First of all, the goal of the analysis is to identify nucleotide sequences exclusive of Pseudomonas. It's a wide range of organisms and I'm aware of that. Unfortunately, the person who asked me to do this did not give me proper instructions or define a specific organism.
Since exclusive nt sequences could be found in the whole genome and not only on CDSs, I'm trying to figure out how to analyze the whole genome sequence for this purpose. I've done this before but only working with CDSs and proteins. I came up with an idea to use local blastn to blast search the whole genome against the Pseudomonas nt database. Firstly, the blastn search would find the hits and I would filter out the non-hits; secondly, a file containing the hits would be blasted against the bacteria nr/nt database to find the hits and non-hits and then I would filter out the hits (since they imply sequence similarity with other organisms). Correct me if this method is wrong.

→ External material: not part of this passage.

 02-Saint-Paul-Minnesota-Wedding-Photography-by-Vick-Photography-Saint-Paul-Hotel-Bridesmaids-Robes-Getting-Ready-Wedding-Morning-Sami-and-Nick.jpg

If the above method is okay, then the problem is that I can't figure out how to check the nucleotide sequences that aligned with sequences in the blast database. Remember, this is a complete record with no annotation since I want to analyze the whole genome and not only the coding regions. I'm currently trying to play with the -outfmt parameter but this will take a while since each analysis take quite a time. Web BLAST is out of the question since the analysis is too CPU intensive (resulting in CPU usage limit on web BLAST)
If anyone knows how to solve this, I ask you kindly to show me the way. Thanks.